Tudo que você podia ser sem medo
“Ao fazer essa série, constantemente me perguntava: ‘Será que nós humanos temos o que é necessário para tirar o mundo desse caminho ladeira abaixo?’. Honestamente, eu não sei.”
Hwang Dong-hyuk, diretor de Round 6, para a Rolling Stone.
Com o sucesso explosivo de “Round 6” no streaming, quebrando todos os recordes que a Netflix quiçá jamais imaginava, uma segunda temporada já era dada como segura para todos; é a lei do dinheiro. Em recente entrevista para a Rolling Stone, seu diretor, Hwang Dong-hyuk, até admitiu bravamente que estava fazendo-o apenas por dinheiro.

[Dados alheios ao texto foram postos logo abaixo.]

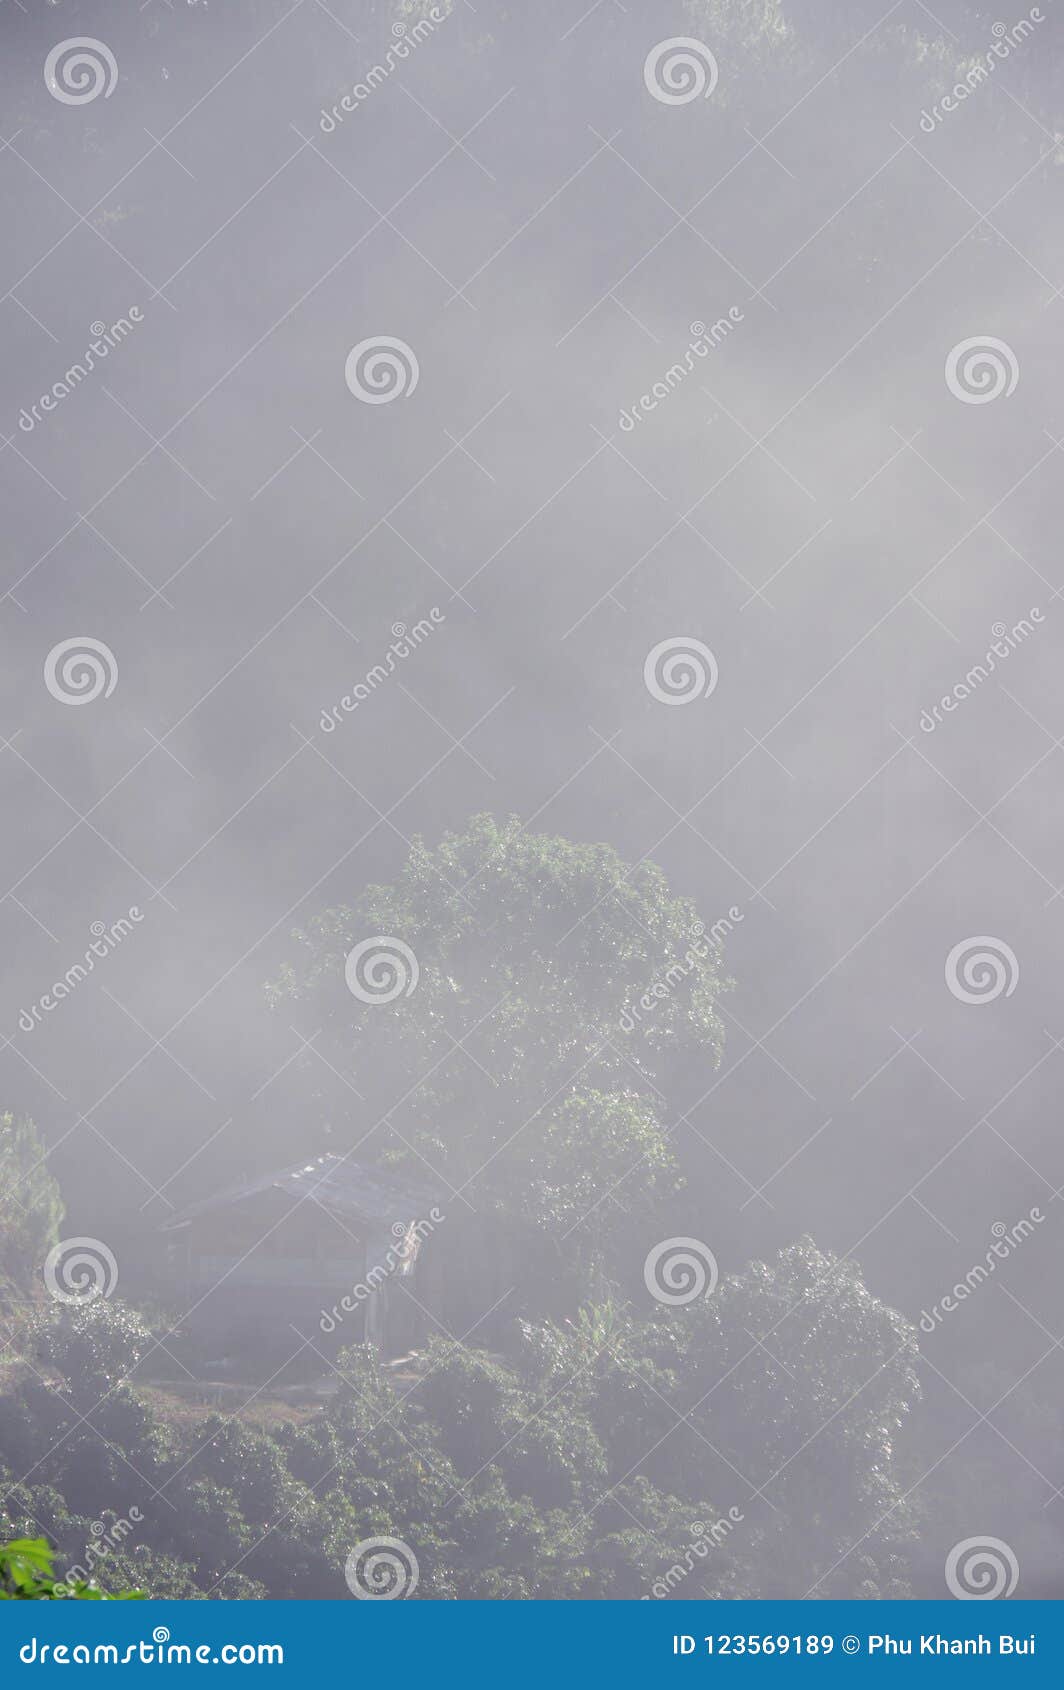 background with dense fog

Esse não é o tipo de coisa que se diz, ao menos em público, e é apenas mais uma das montantes contradições que a série tem tecido para se enforcar.
Assim que saiu a primeira temporada, nós da Woo! fizemos uma review com saldo positivo para a série (nota 4.1), reconhecendo seus acertos e suas fraquezas, à altura já bem evidentes para qualquer adulto que faça parte de 99% da população da Terra; essa, vale ressaltar, não foi uma avaliação pensando em qualquer aspecto político, senão da qualidade da produção, muito embora seja impossível tecer qualquer análise ideologicamente isenta, ainda mais em produções em que esse é o cerne da trama — somos todos seres humanos, imbuídos de contradições, traídos pela linguagem.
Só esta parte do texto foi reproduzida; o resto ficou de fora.